*Task instructions*: In your copy, leave out the pictures; write out all the data exactly.

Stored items
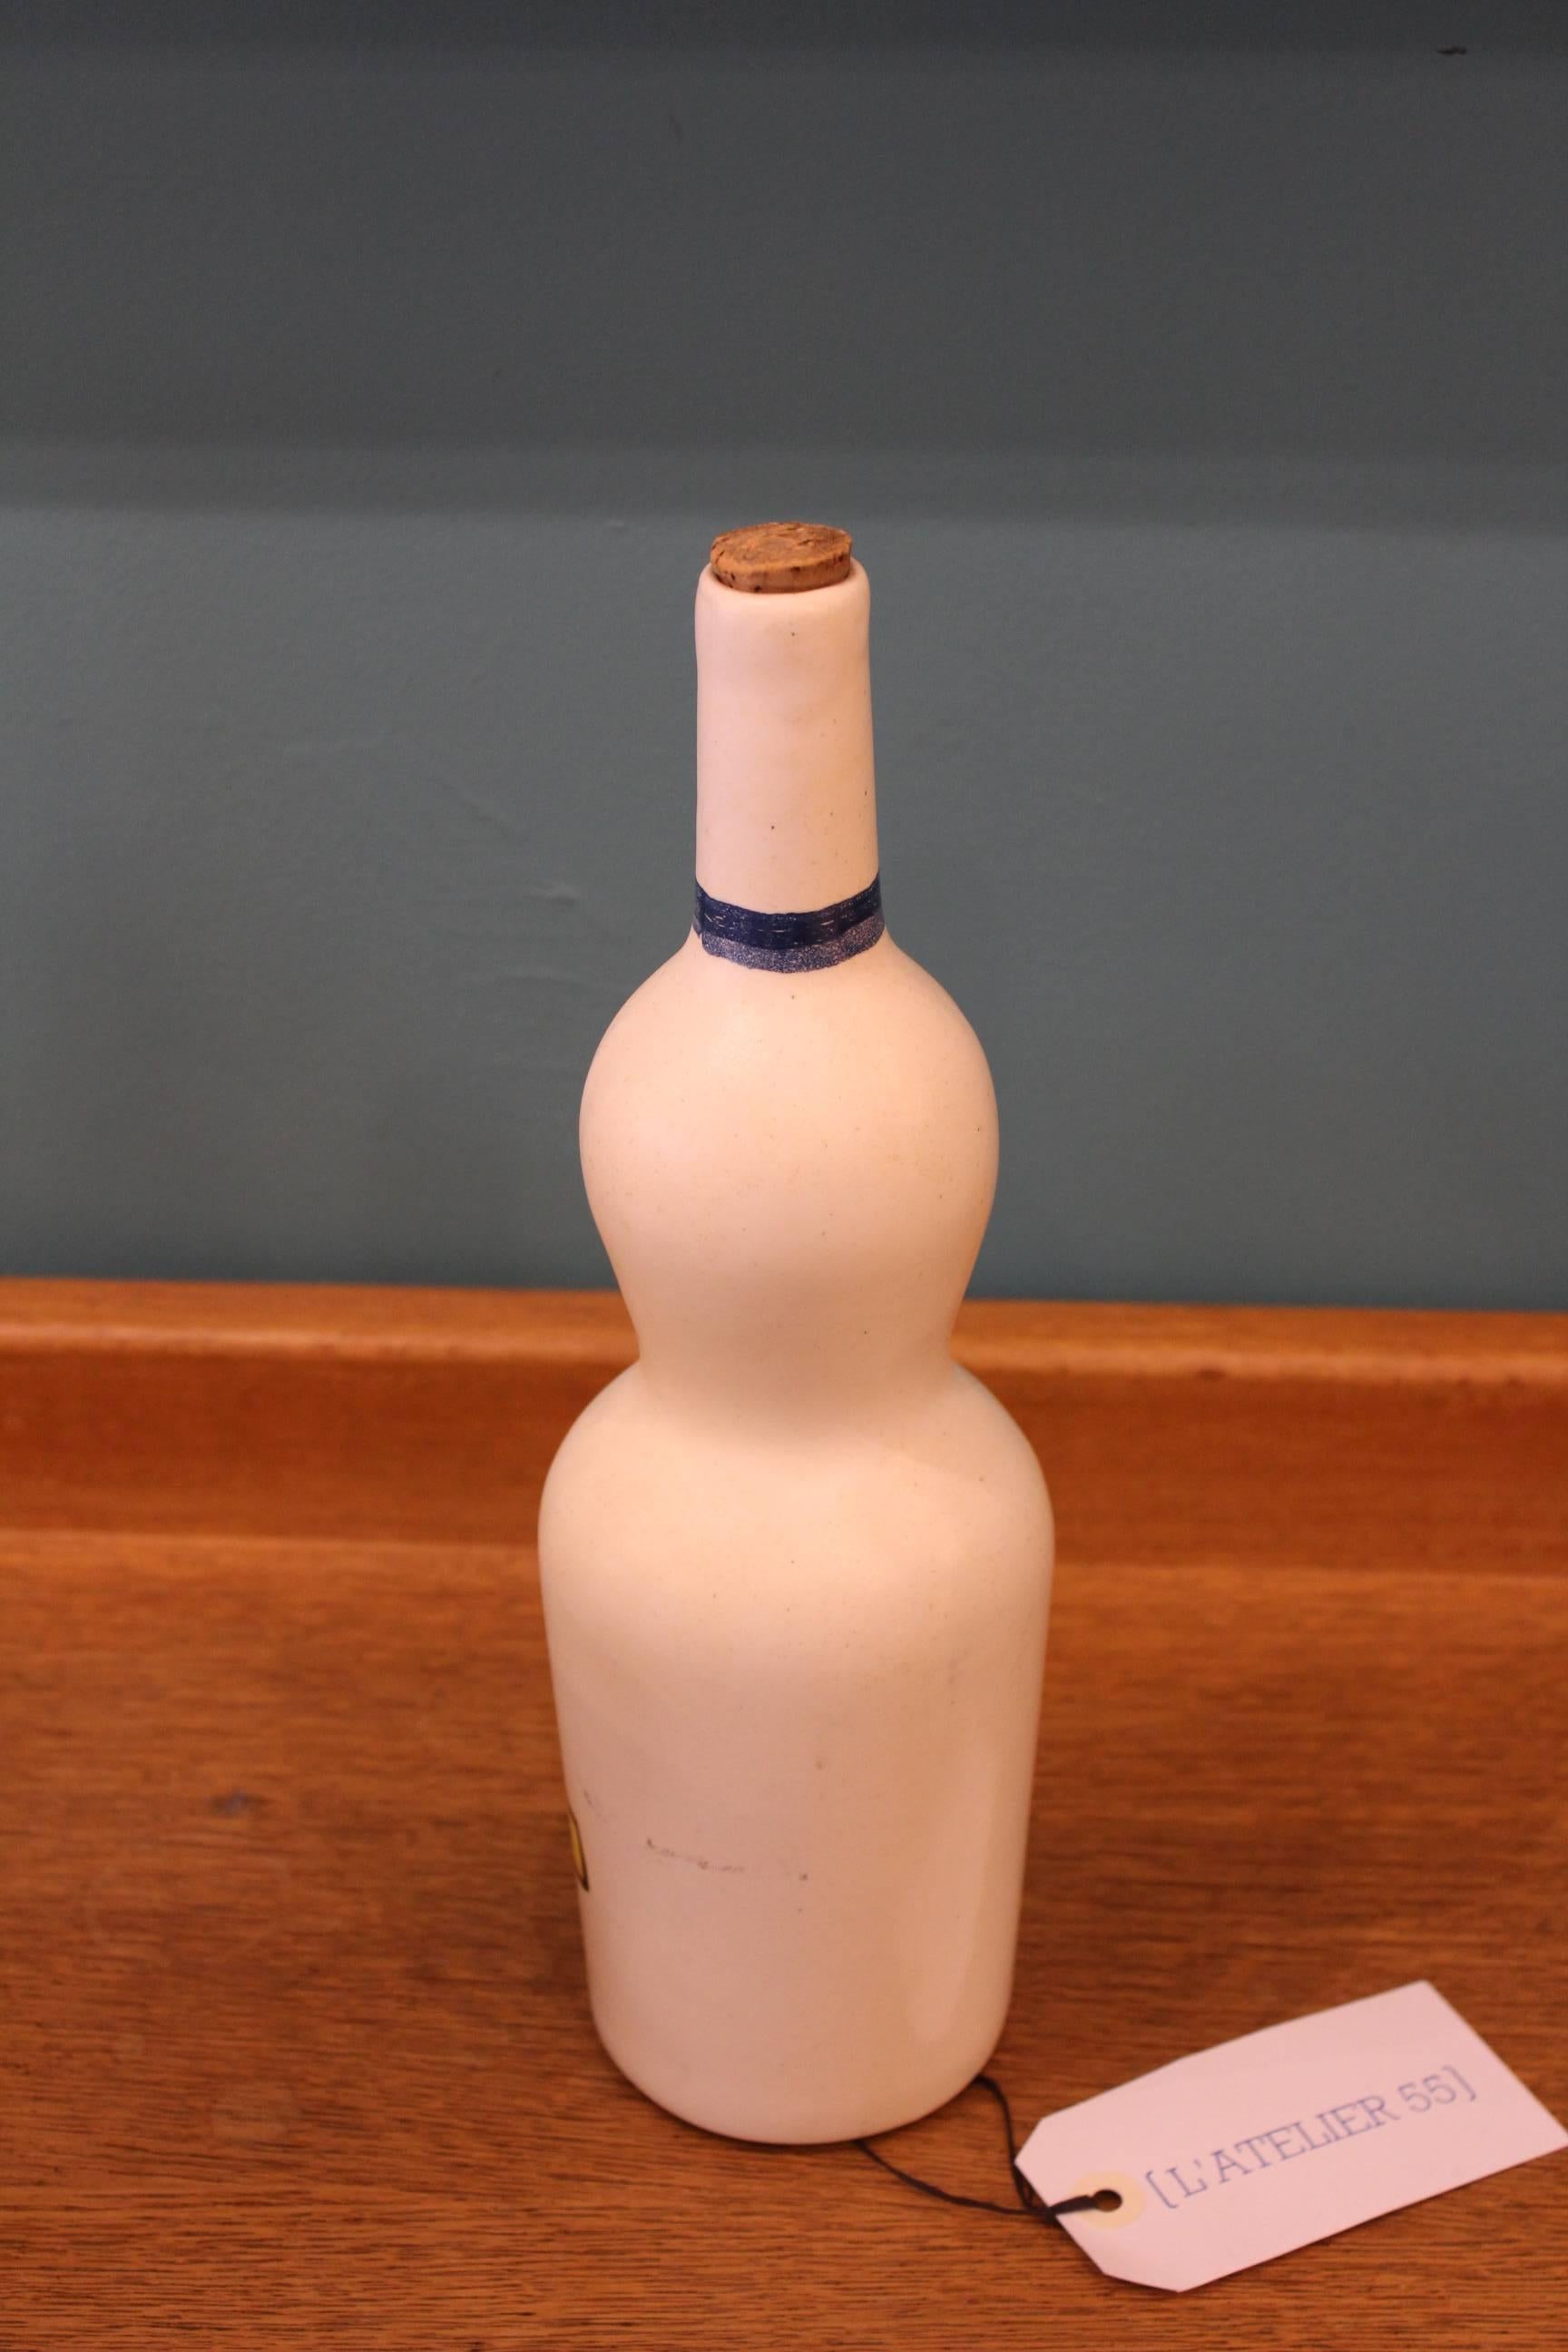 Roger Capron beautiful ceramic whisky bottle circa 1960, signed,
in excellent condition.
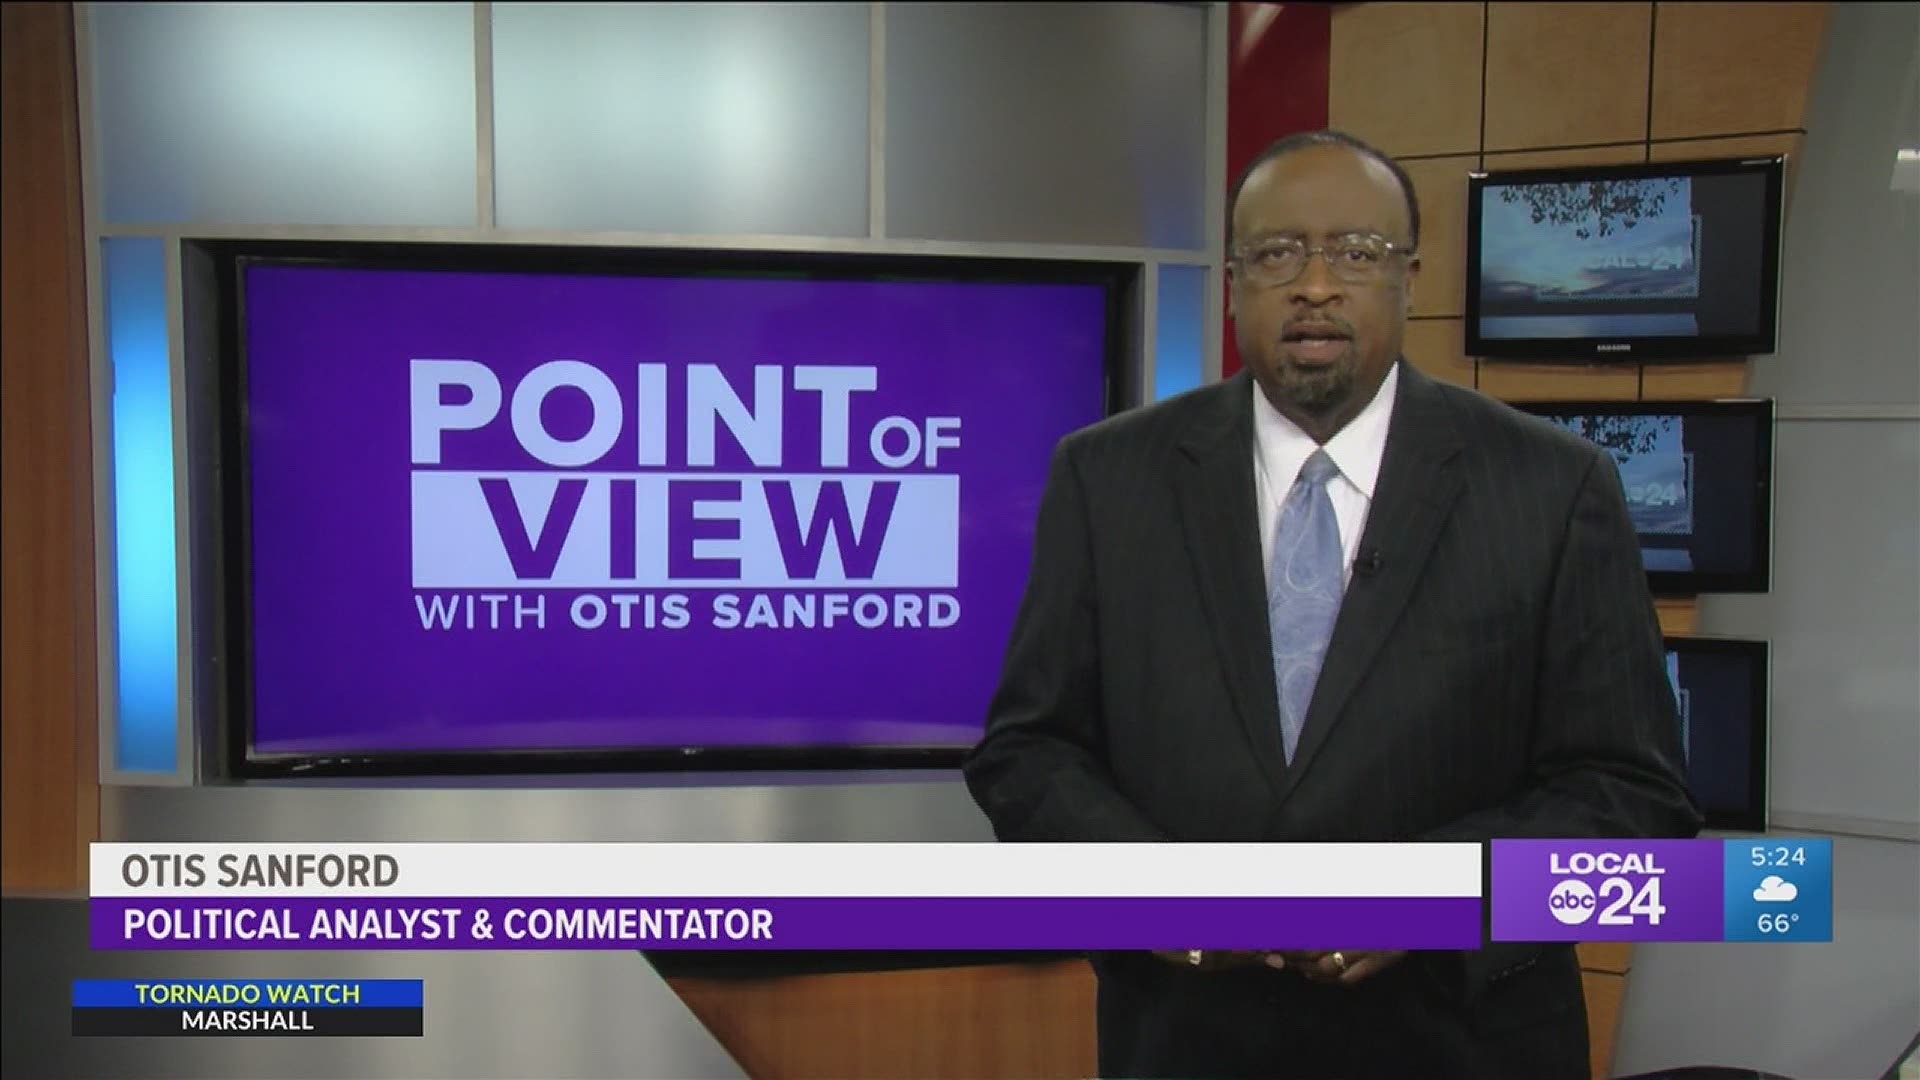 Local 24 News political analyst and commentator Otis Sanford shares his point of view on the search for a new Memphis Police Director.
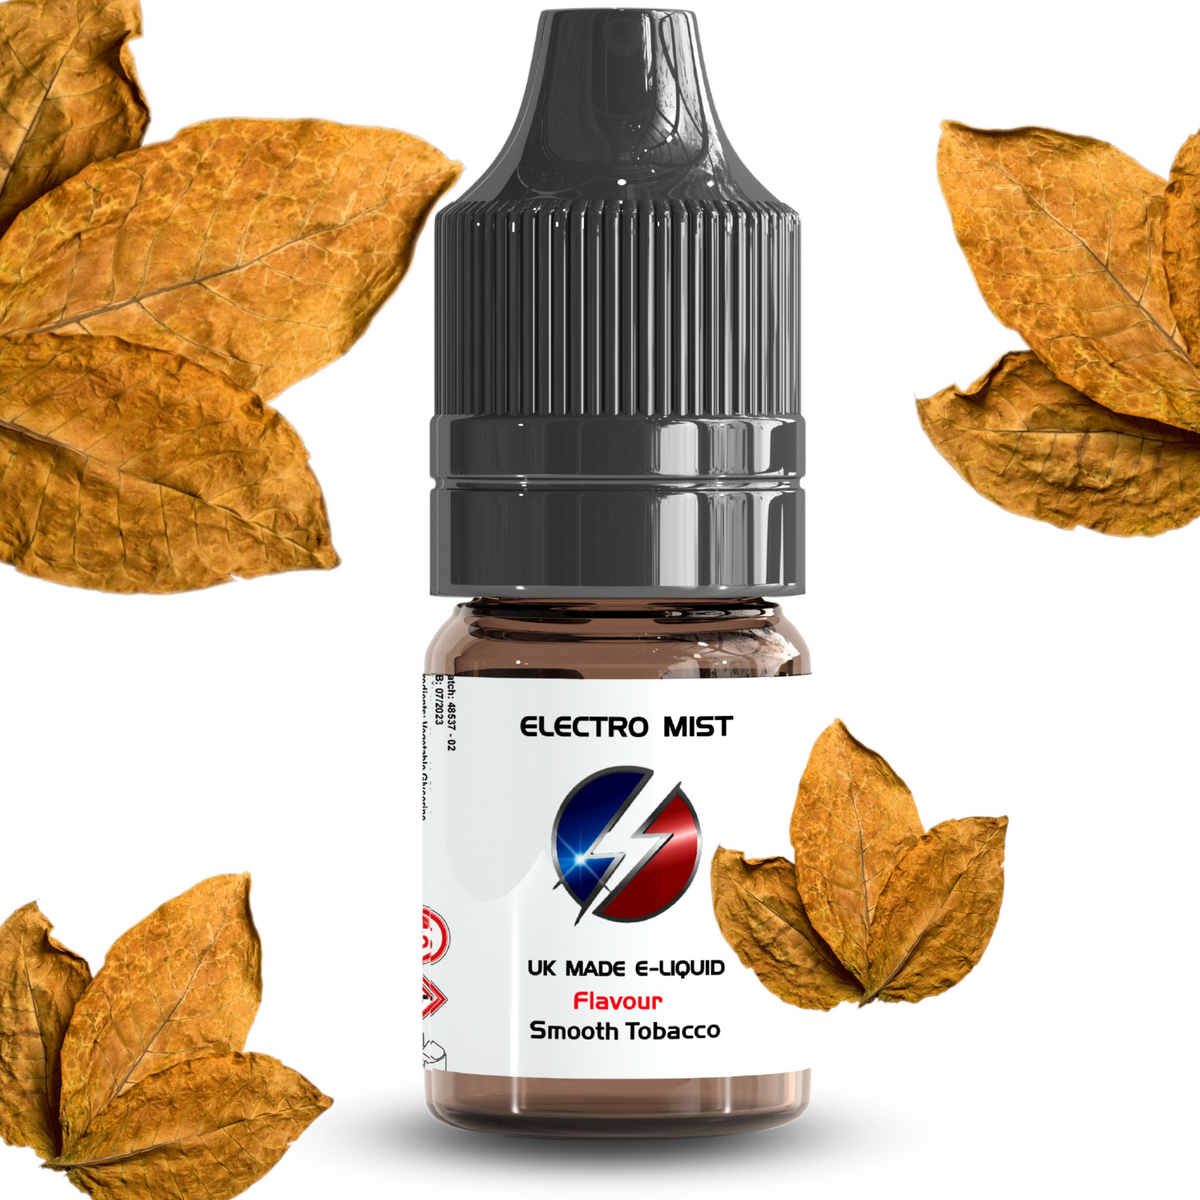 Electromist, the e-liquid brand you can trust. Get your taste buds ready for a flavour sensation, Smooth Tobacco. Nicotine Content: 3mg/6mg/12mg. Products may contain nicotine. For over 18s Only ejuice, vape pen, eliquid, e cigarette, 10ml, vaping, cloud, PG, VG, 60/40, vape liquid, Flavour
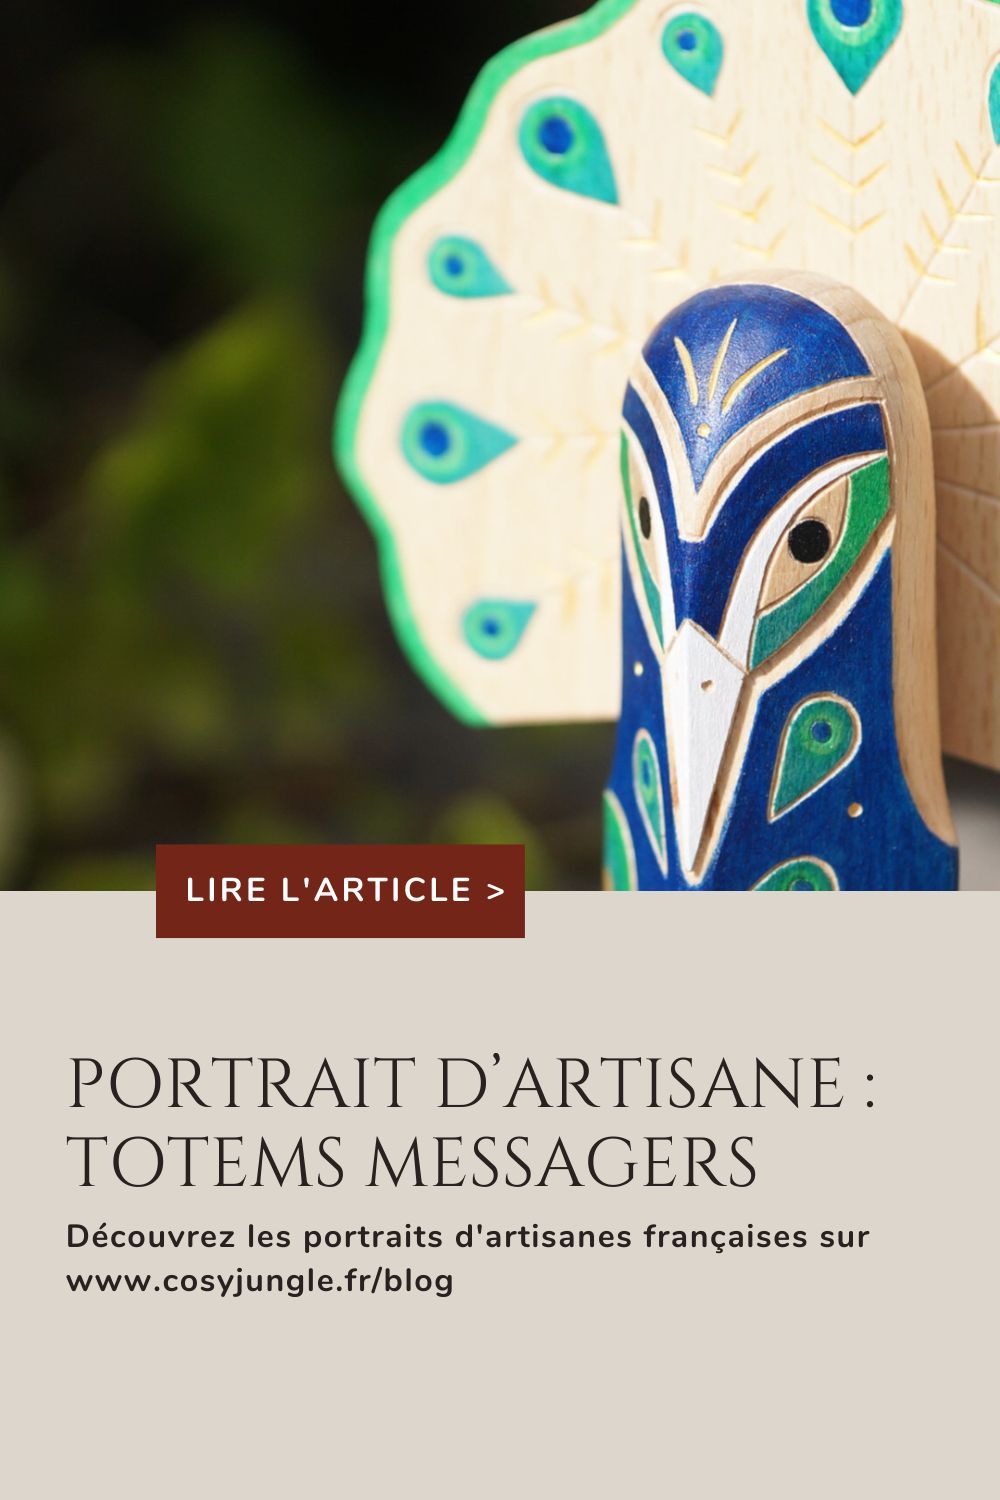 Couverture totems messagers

*Response*:
 Roger Capron beautiful ceramic whisky bottle circa 1960, signed,
in excellent condition.
 Local 24 News political analyst and commentator Otis Sanford shares his point of view on the search for a new Memphis Police Director.
 Electromist, the e-liquid brand you can trust. Get your taste buds ready for a flavour sensation, Smooth Tobacco. Nicotine Content: 3mg/6mg/12mg. Products may contain nicotine. For over 18s Only ejuice, vape pen, eliquid, e cigarette, 10ml, vaping, cloud, PG, VG, 60/40, vape liquid, Flavour
 Couverture totems messagers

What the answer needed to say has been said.